I've been thinking about these issues for a number of weeks and haven't posted on them because they seem so obvious. But given some of the discussions going on around here--such as about Kerry's "liberalism"--I'm going to give up and post these thoughts. I apologize in advance if this is insulting.
It seems like political observers--including pundits, party members, and a lot of people here--conflate the terms liberal and conservative and democratic and what I'll call representative. The best recent example is Dean. Dean is not a "liberal" of the 70s type, but anyone who didn't follow him closely wouldn't know it. Rather, Dean is a moderate, one who embraces democracy wholeheartedly, at least as embodied in his presidential run this year. Kerry, by contrast, is a liberal according to many (but by no means all) measures. But he supports representative government, which I think made him look more "conservative" than Dean in the primary. I had a distinct feeling, for example, that a lot of Iowans I talked to were scared by Dean's democratic message.
Now there are a whole lot of details that muddy this distinction (such as Dean's largely socially liberal stances balanced by his fiscally moderate ones, or Edwards' populist appeal that belies his more conservative voting record). But I think we need to focus more attention on this distinction, for several reasons.
Why do we need to maintain this distinction?
First of all, a lot of people (I count myself as one of them) base their political support primarily on the democratic/representative axis, rather than the liberal/conservative one. In my own case, I voted for McCain in the 2000 primary (in MI, so it was a winning vote) not because I wanted to mess with Bush, but because McCain was by far the most "democratic" candidate of the three legitimate candidates at that point: Gore, Bush, McCain. Now I know that McCain is a real conservative. I know he espouses a lot of values that I can't abide by. But I also know that, because he is such a practitioner of democracy, he has moderated his views of late to get behind really important issues. There is a reason he has voted with the D's on many of the most important votes of late, and it isn't shared policy views (liberal v. conservative). It is a belief about the way this country ought to be run (democratic v. representative), and a use of his vote to support that belief.

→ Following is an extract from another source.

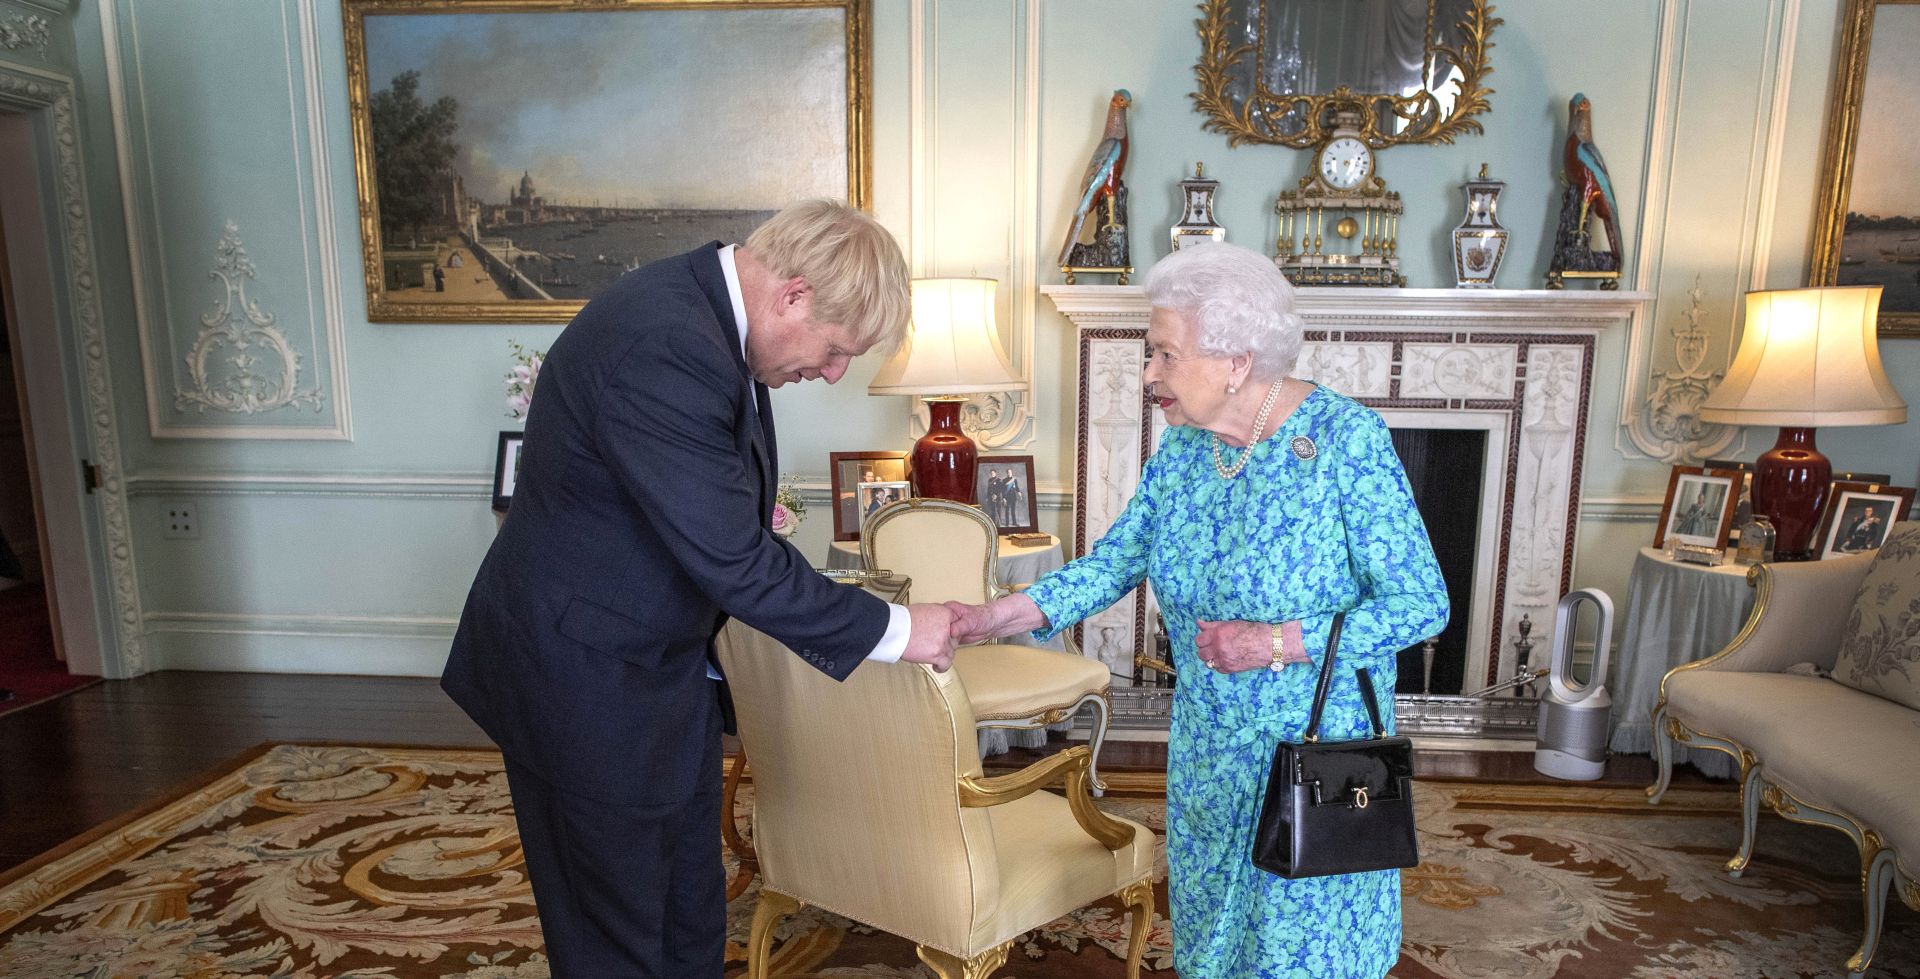 epa07737747 Britain's Queen Elizabeth II welcomes newly elected leader of the Conservative party Boris Johnson during an audience in Buckingham Palace, London, Britain, 24 July 2019 where she invited him to become Prime Minister and form a new government. Former London mayor and foreign secretary Boris Johnson is taking over the post after his election as party leader was announced the previous day. Theresa May stepped down as British Prime Minister following her resignation as Conservative Party leader on 07 June.  EPA/VICTORIA JONES / POOL

This issue is really important to the discussions about Nader, too. For those of us who believe that democratic process matters more than ideology, the issue is urgent. Quite honestly, if we don't fix campaign finance, if we don't fix the media, if we don't minimize corporate lobbyist influence on policy, it doesn't matter who is president. This country will be sunk in any case. Bush's conservative policy is disastrous, but his anti-democratic stance is really just a continuation and intensification of a trend, and that trend is not going to entirely disappear with a Kerry presidency. It will be reversed, but it will still be an urgent urgent problem.
So as people try to figure out what to do about Nader, they need to realize that one of his primary appeals is his espoused belief in the process of democracy. (This is one of the reasons why appeals to Supreme Court judge selection, environmental policy, and international policy don't work for some Nader voters--you're not addressing the core issue.) Now I for one will vote Kerry one way or another this year, but I do respect the urgency of the people who want to make our government more democratic again. I think the anti-Nader discussions would be a lot more productive if they also acknowledged and addressed the urgency of the process issues Nader is trying (if in a wrong-headed method) to highlight. Instead, they're often dismissed as an issue of degrees of liberalism (progressive v. liberal, as opposed to democratic v. representative. I feel like the anti-Nader people are screaming, "DON'T YOU GET IT, IT'S AN ISSUE OF (liberal v. conservative) LIFE OR DEATH!" while the Nader people are tying to say, "DON'T YOU GET IT, THE REAL LIFE OR DEATH ISSUE IS DEMOCRATIC v. REPRESENTATIVE!"
Finally, I think we need to be more attentive to this distinction because it will result in more nuanced political discussions (and hopefully, solutions). There are a lot of people in this country, both liberal and conservative, who would get behind a move to make this country more democratic. But we undermine such a possible movement by pretending the central issue is one of left v. right.